A Figure object (new window) is created with the `figure()`_ command.
`Axes`_
This is an object representing a subplot (which you might casually
call a "plot") which contains axes, ticks, lines, points, text, etc.
`plot()`_
This is a command that draws points or lines and returns a list of
`Line2D`_ objects. One sublety is that `plot()`_ will automatically
call `figure()`_ and/or `subplot()`_ if neccesary to create the
underlying `Figure`_ and `Axes`_ objects.
`subplot()`_
This is a command that creates and returns a new subplot (`Axes`_) object
which will be used for subsequent plotting commands.
Below is a script that illustrates this by creating two figures where the first
figure has two subplots::
def f(t):
"""Python function to calculate a decaying sinusoid"""

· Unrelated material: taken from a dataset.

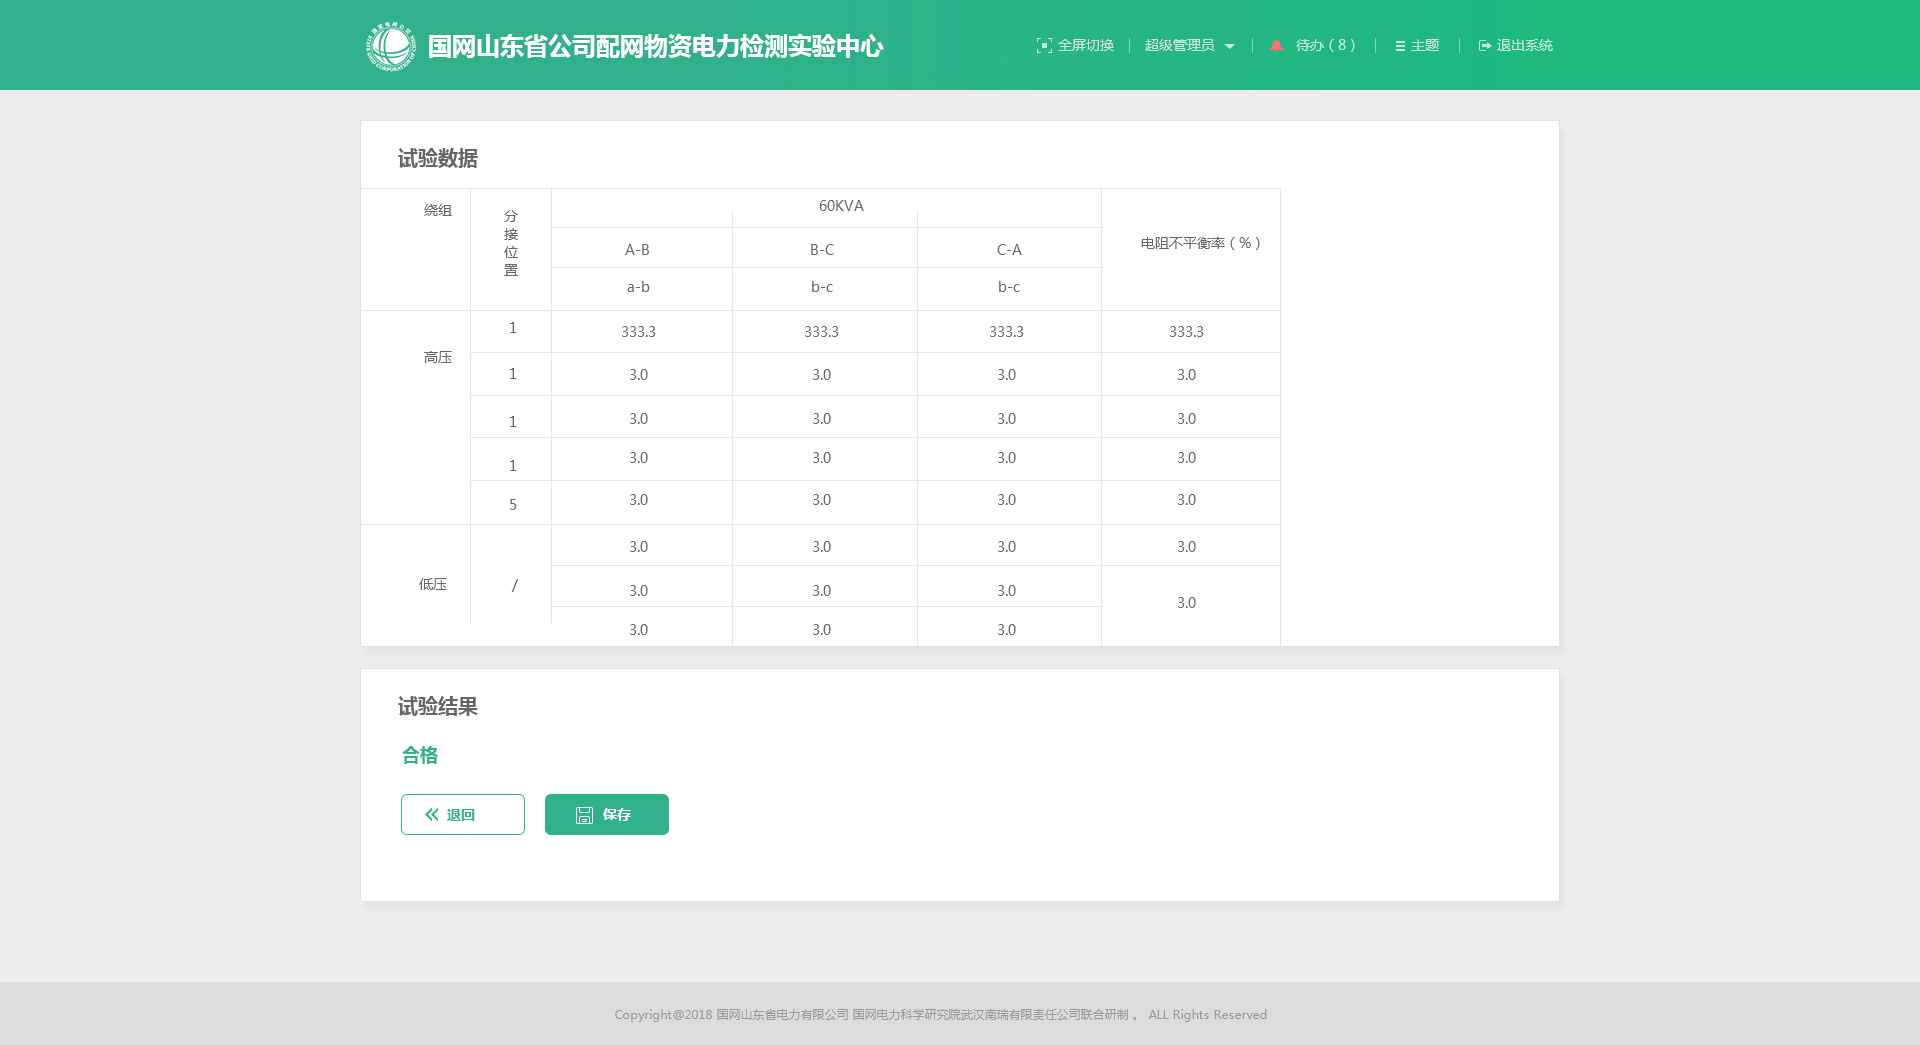 简单的博客网站源码下载(简单网站 源码) (https://www.oilcn.net.cn/) 综合教程 第4张

val = np.exp(-t) * np.cos(2*np.pi*t)
return val
t1 = np.arange(0.0, 5.0, 0.1)
t2 = np.arange(0.0, 5.0, 0.02)
plt.figure(1) # Make the first figure
plt.clf()
plt.subplot(2, 1, 1) # 2 rows, 1 column, plot 1
plt.plot(t1, f(t1), 'bo', t2, f(t2), 'k')
plt.title('FIGURE 1')
plt.text(2, 0.8, 'AXES 211')
plt.subplot(2, 1, 2) # 2 rows, 1 column, plot 2
plt.plot(t2, np.cos(2*np.pi*t2), 'r--')
plt.text(2, 0.8, 'AXES 212')
plt.figure(2) # Make a second figure
plt.clf()
plt.plot(t2, f(t2), '*')
plt.grid()
plt.title('FIGURE 2')
plt.text(2, 0.8, 'AXES 111')
+--------------------------+---------------------------+
|.. image:: mult_figs1.png |.. image:: mult_figs2.png |
| :scale: 50 % | :scale: 50 % |
+--------------------------+---------------------------+
The first `figure()`_ command here is optional because
``figure(1)`` will be created by default, just as a ``subplot(1, 1, 1)``
will be created by default if you don't manually specify an axes.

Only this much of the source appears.